FireFlies2: Interactive Tangible Pixels to enable Distributed Cognition in Classroom Technologies

David Verweij, Saskia Bakker, Berry Eggen

Continuous developments in the field of Human Computer Interaction (HCI) are resulting in an omnipresence of digital technologies in our everyday lives, which is also visible in the presence of supportive technologies in education. These technologies, e.g. tablets and computers, usually require focused attention to be operated, which hinders teachers from appropriating them while teaching. Peripheral interactive systems, which do not require focused attention, could play a role in relieving teachers’ cognitive load, such that mental resources are freed to focus on other teaching tasks. This paper presents an exploratory study on enabling such cognitive offloading through peripheral interaction in the classroom. We present the design and a seven-week field deployment of FireFlies2 interactive tangible pixels which are distributed over the classroom. Our findings show that FireFlies2 supported cognitive processes of teachers and pupils in a number of scenarios.

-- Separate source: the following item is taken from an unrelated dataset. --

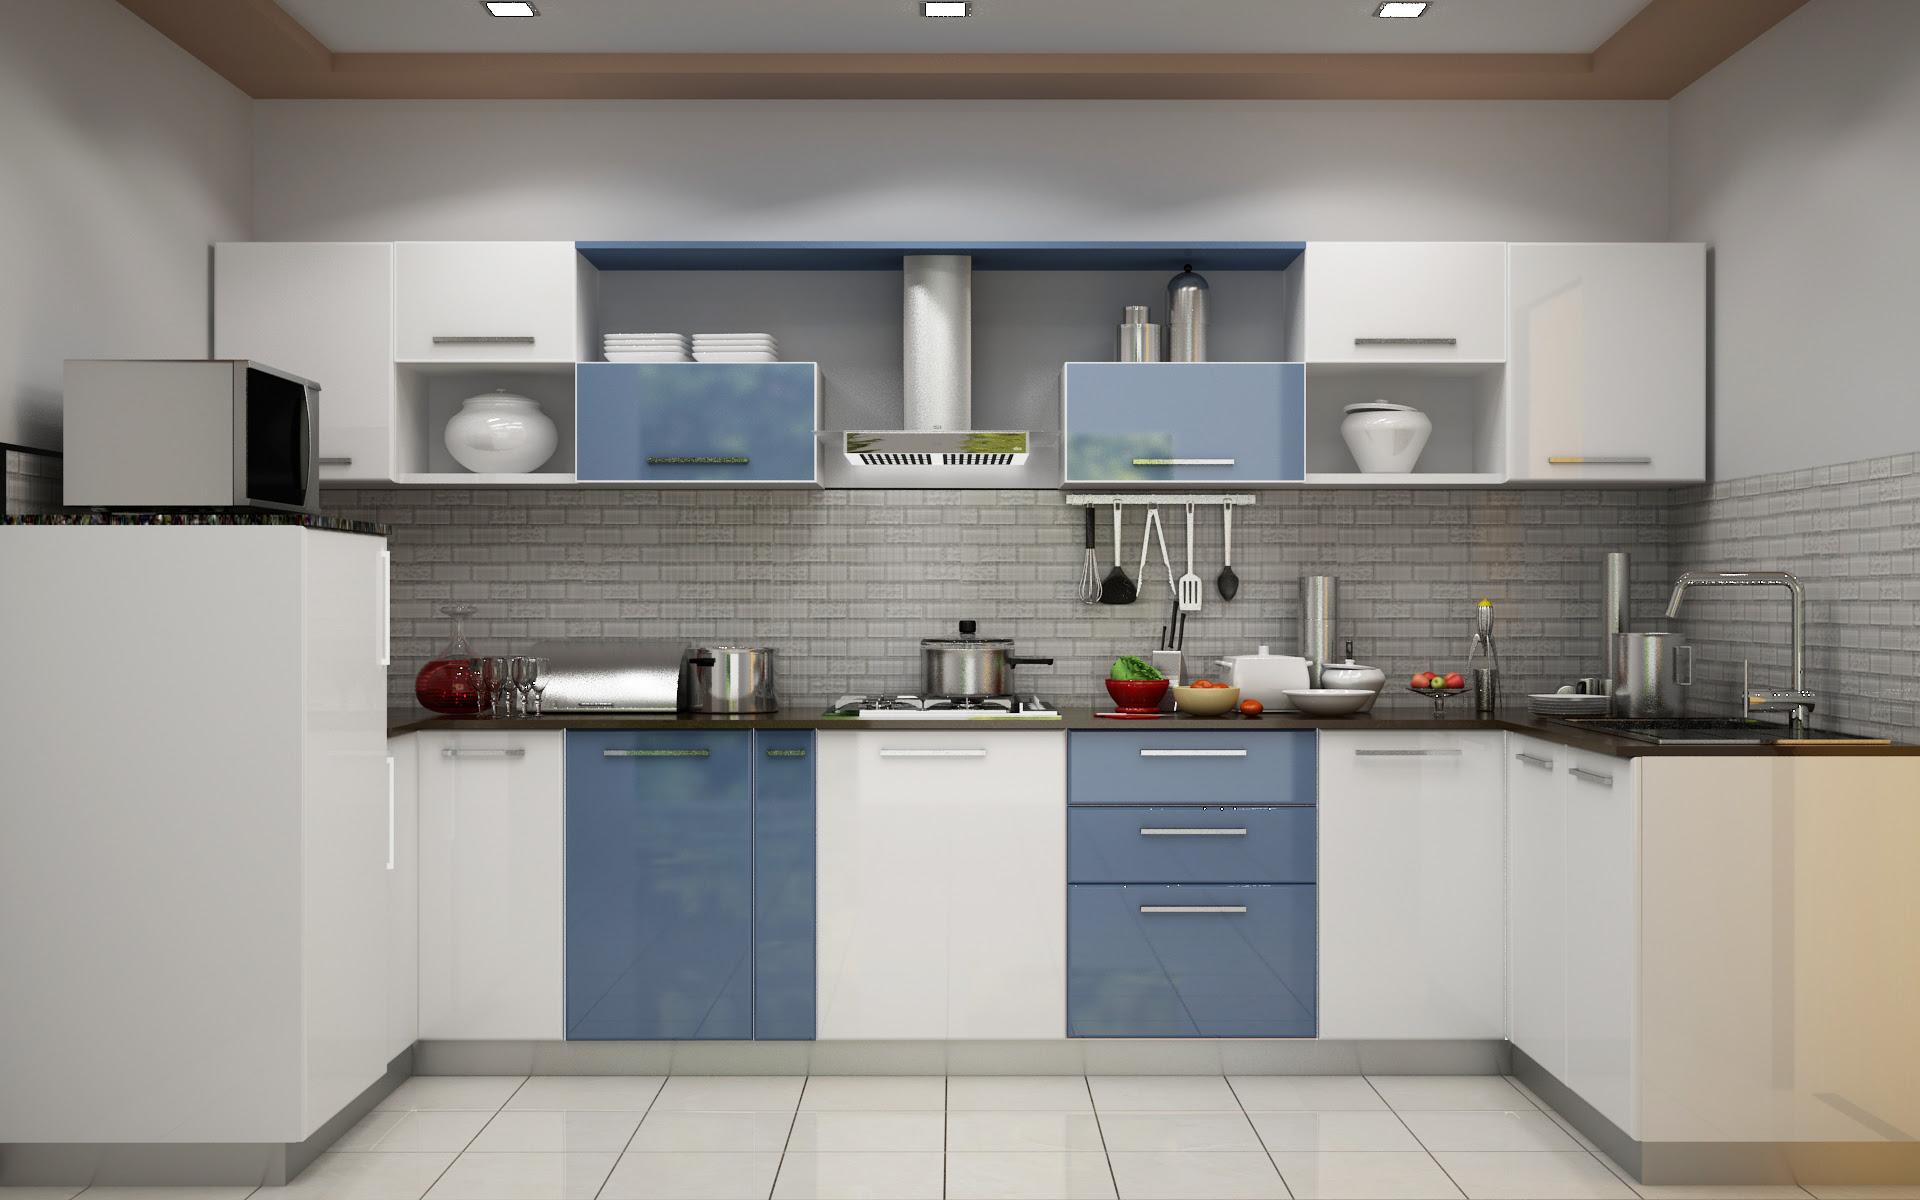 Best Modular Kitchen Designs in Bangalore | Customised ...

ClimbVis | Investigating In-situ Visualizations for Understanding Climbing Movements by Demonstration

Felix Kosmalla, Florian Daiber, Frederik Wiehr, Antonio Krüger

Rock climbing involves complex movements and therefore requires guidance when acquiring a new technique. The classic approach is mimicking the movements of a more experienced climber. However, the trainee has to remember every nuance of the climb, since the sequence of movements cannot be performed in parallel to the experienced climber. As a solution to this problem, we present a video recording and replay system for climbing. The replay component allows for different in-situ video feedback methods. We investigated the video feedback component of the system by studying two example visualization techniques, i.e.\ a life-sized in-place projection and a real-time third-person view of the climber, augmented by a video showing a successful ascent. The latter is presented to the user on both Google Glass and a projected display. The results indicate that a life-sized projection was perceived as easiest to follow, while most of the climbers had problems with the context switches between the augmented video and the climbing wall. These findings can aid in the design of assistance systems that teach complex movements.

Run&Tap: Investigation of On-Body Tapping for Runners

Nur Al-huda Hamdan, Ravi Kanth Kosuru, Christian Corsten, Jan Borchers

Devices like smartphones, smartwatches, and fitness trackers enable runners to control music, query fitness parameters such as heart rate and speed, or be guided by coaching apps. But while these devices are portable, interacting with them during running is difficult: they usually have small buttons or touchscreens which force the user to slow down to interact with them properly. On-body tapping is an interaction technique that allows users to trigger actions by tapping at different body locations eyes-free. This paper investigates on- body tapping as a potential input technique for runners. We conducted a user study to evaluate where and how accurately runners can tap on their body. We motion-captured participants while tapping locations on their body and running on a treadmill at different speeds. Results show that a uniform layout of five targets per arm and two targets on the abdomen achieved 96% accuracy rate. We present a set of design implications to inform the design of on-body interfaces for runners.

Towards Around-Device Interaction using Corneal Imaging

Daniel Schneider, Jens Grubert

Around-device interaction techniques aim at extending the input space using various sensing modalities on mobile and wearable devices. In this paper, we present our work towards extending the input area of mobile devices using front-facing device-centered cameras that capture reflections in the human eye. As current generation mobile devices lack high resolution front-facing cameras we study the feasibility of around-device interaction using corneal reflective imaging based on a high resolution camera. We present a workflow, a technical prototype and an evaluation, including a migration path from high resolution to low resolution imagers. Our study indicates, that under optimal conditions a spatial sensing resolution of 5 cm in the vicinity of a mobile phone is possible.